■ Required action
Full transcription, minus images: write out the listing below exactly as it appears.

■ The data
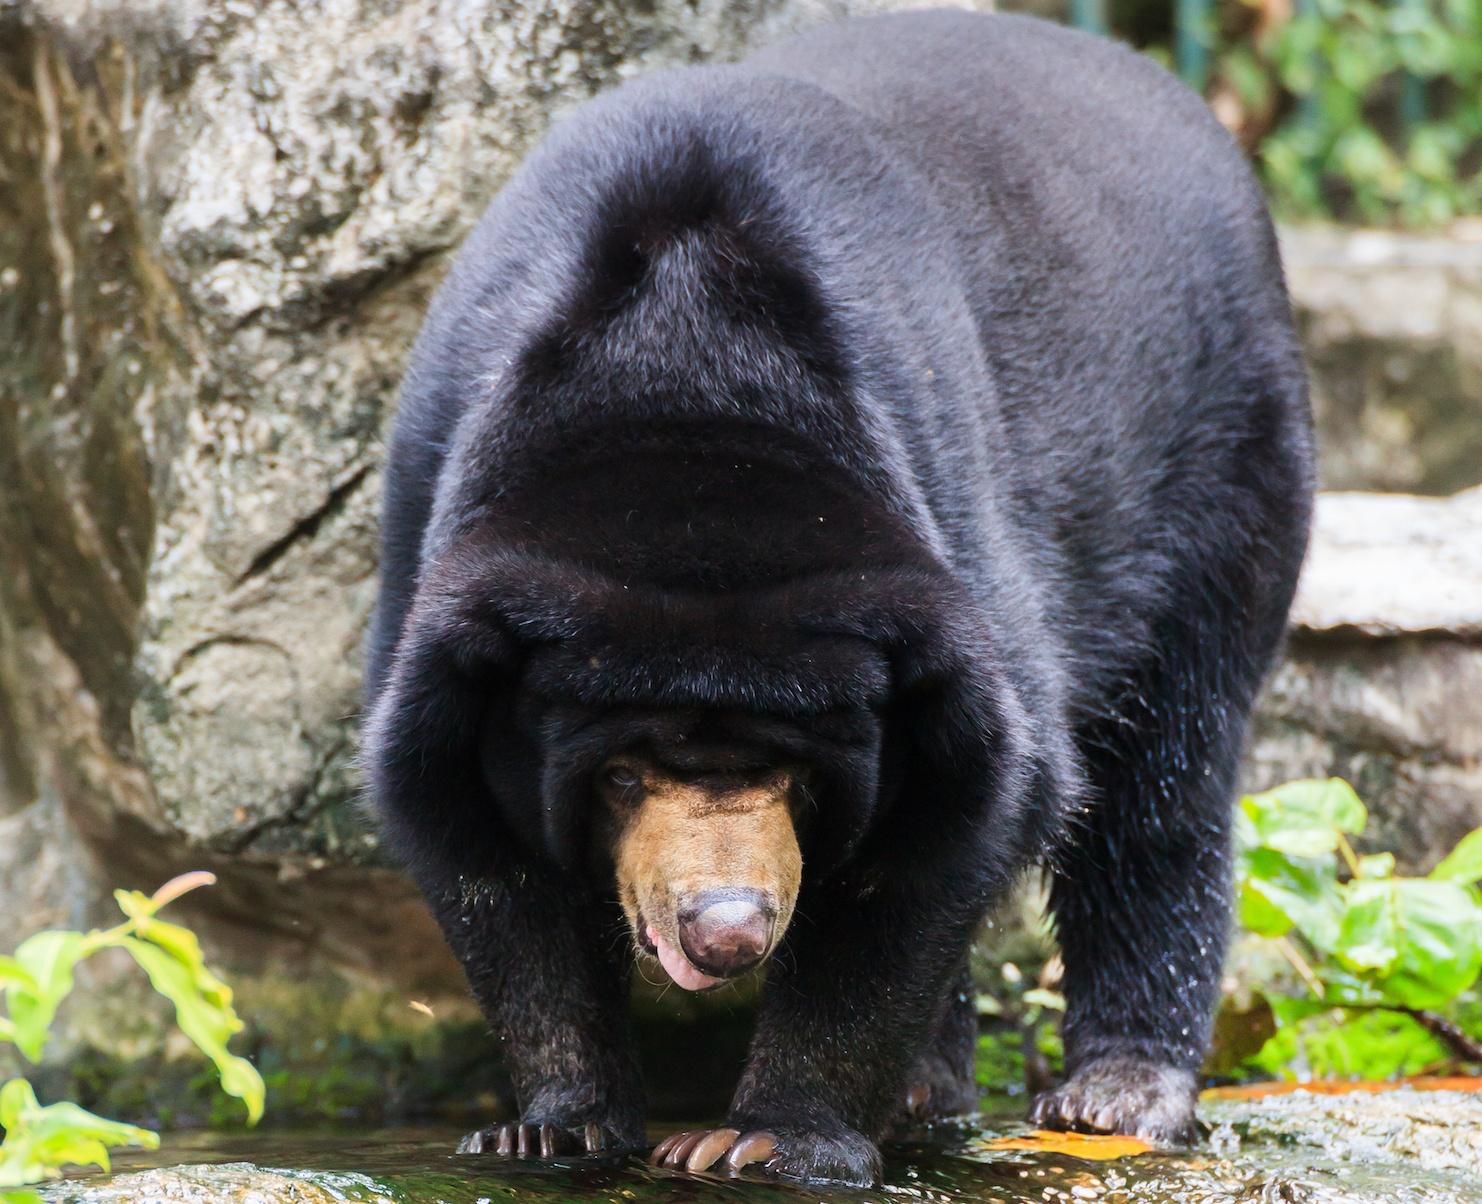 Black Malayan sun bear
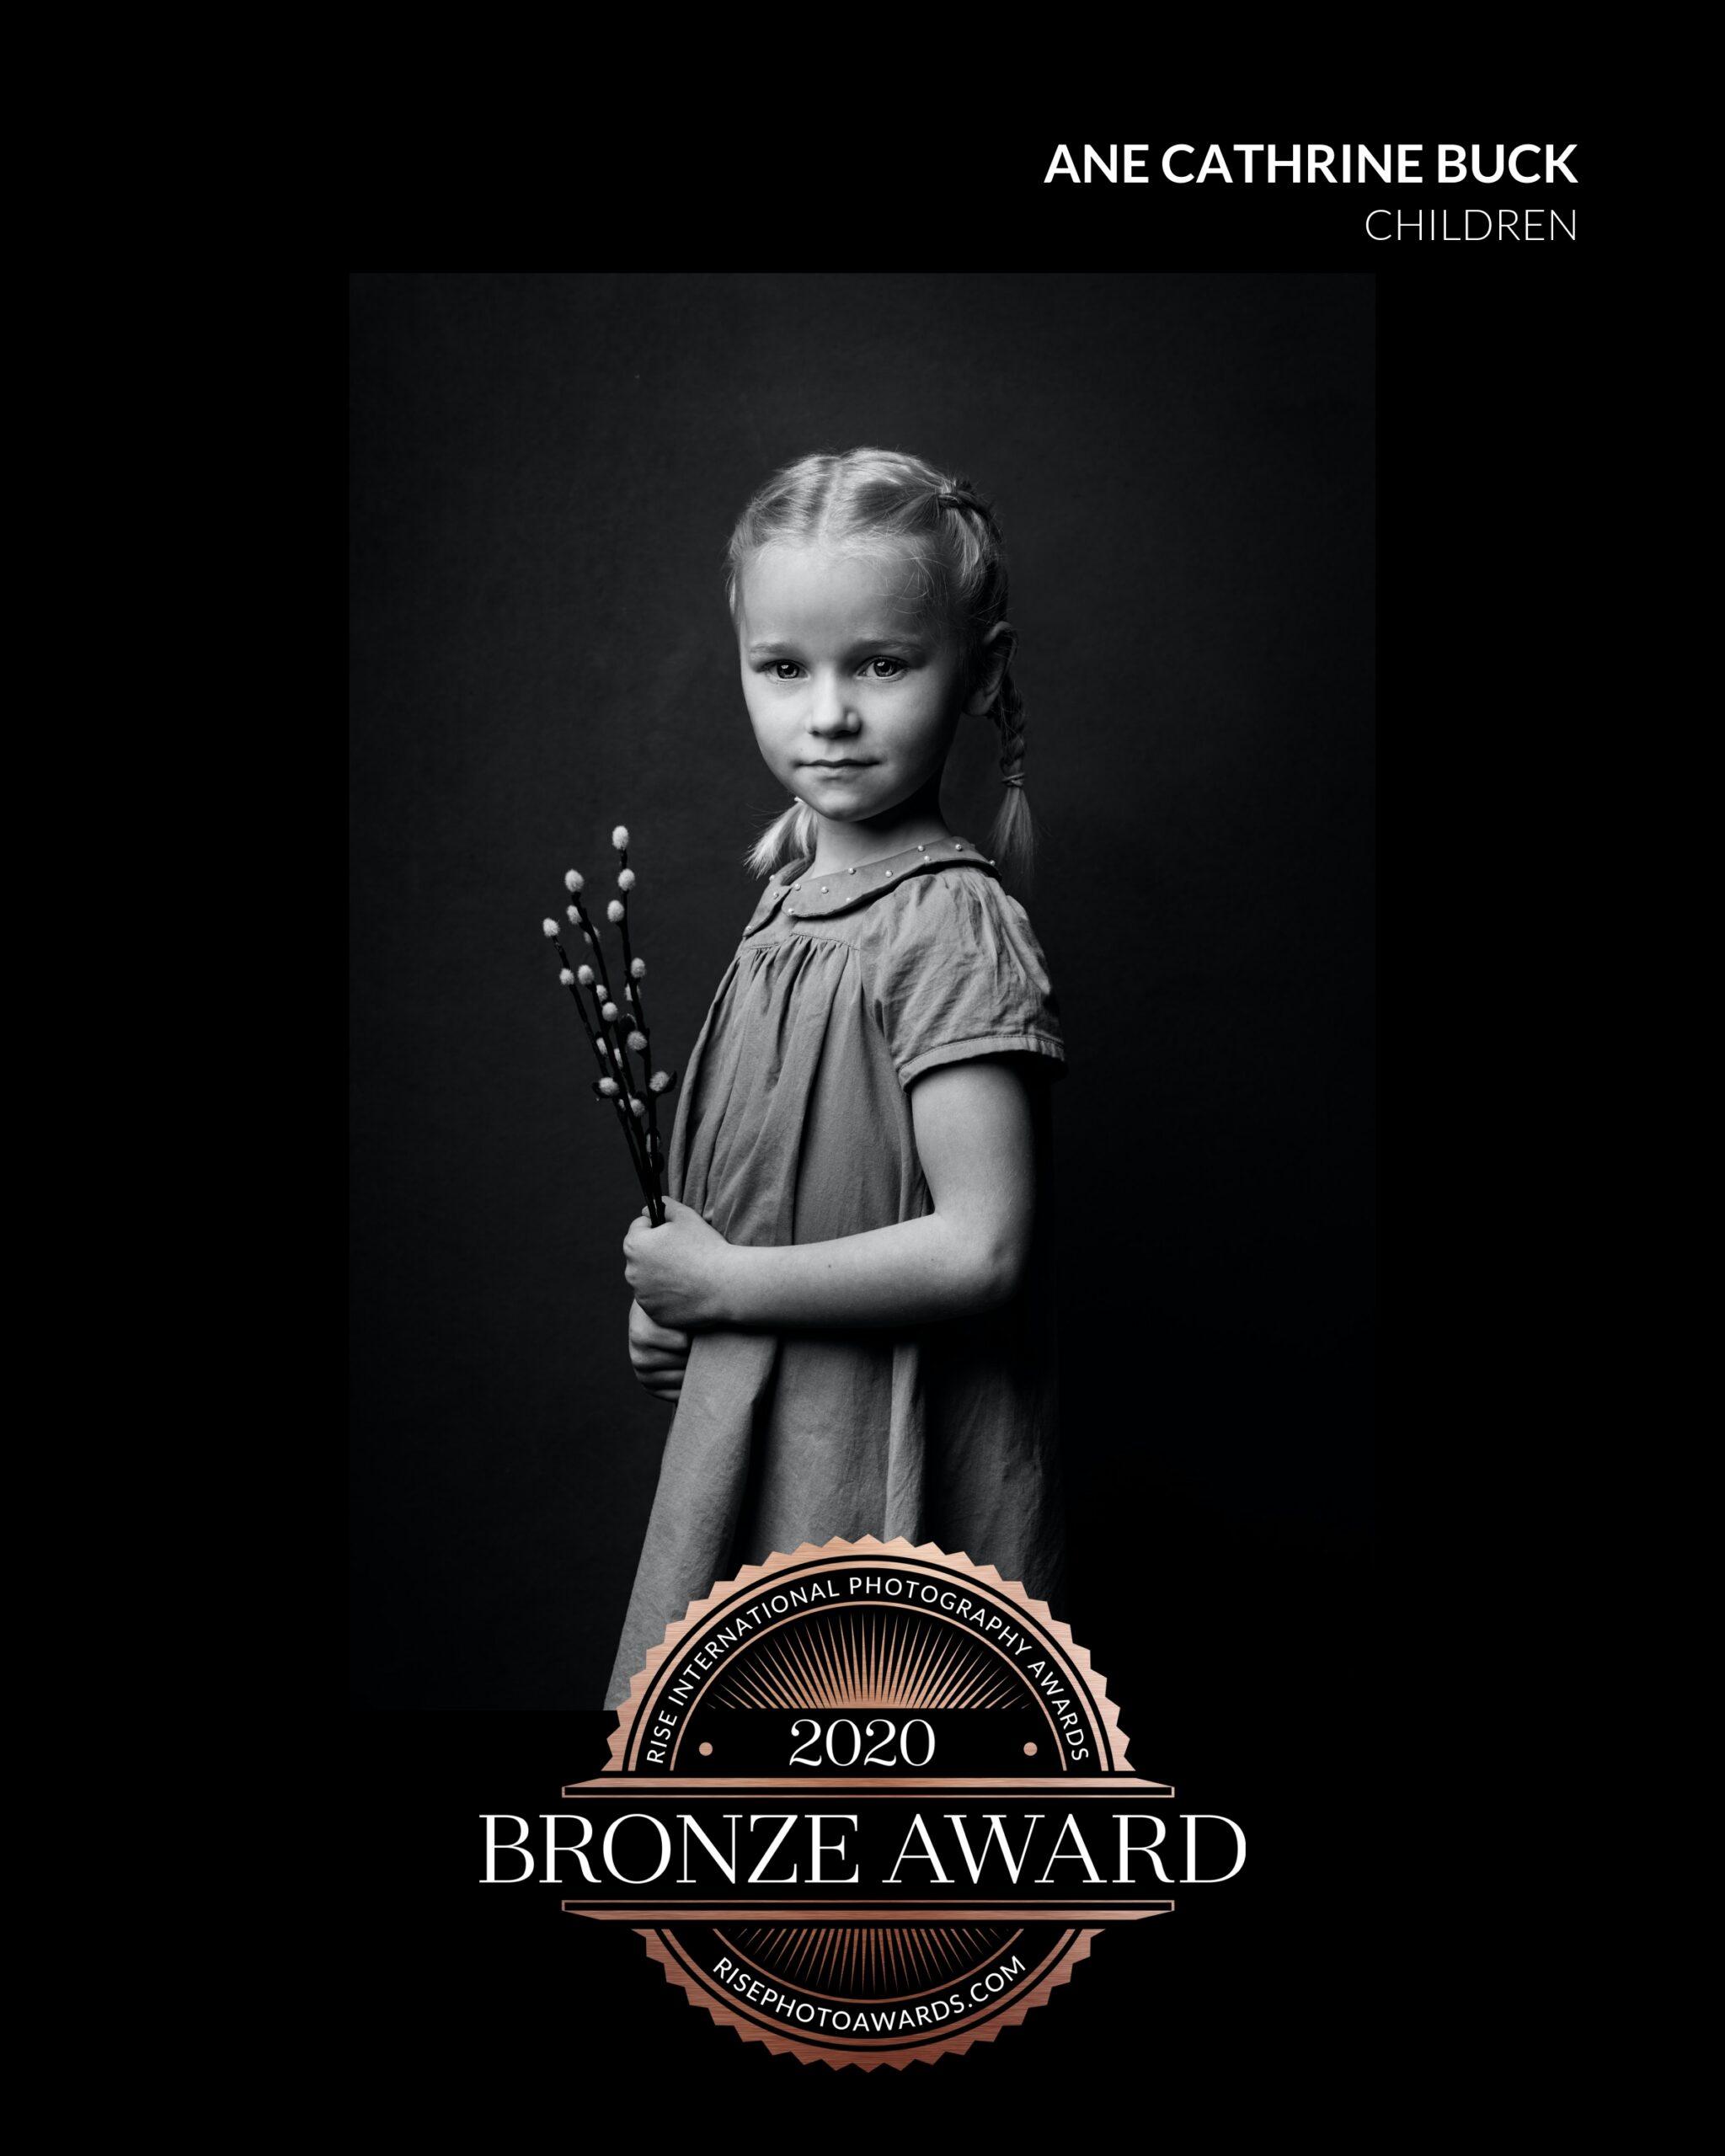 Fotograf ane Cathrine Buck bronsemedalje
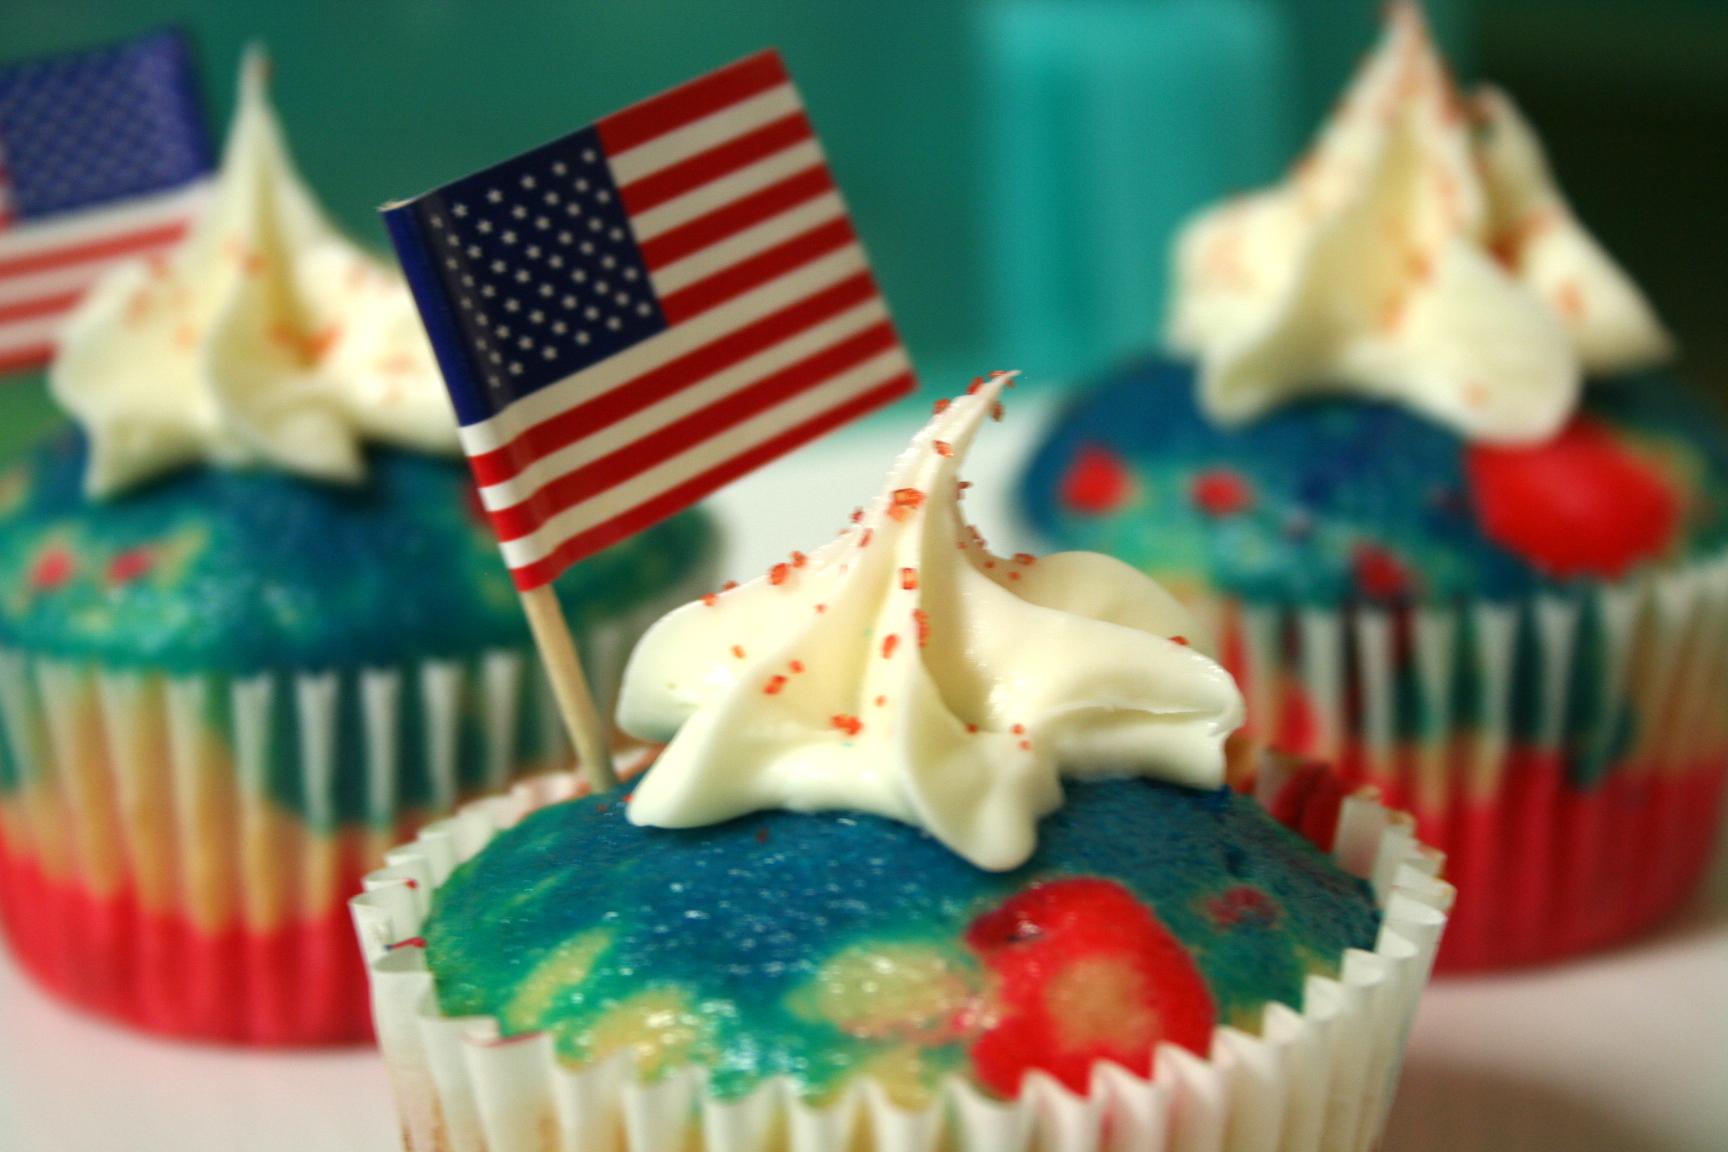 Patriotic cupcake display

■ The completed task
 Black Malayan sun bear
 Fotograf ane Cathrine Buck bronsemedalje
 Patriotic cupcake display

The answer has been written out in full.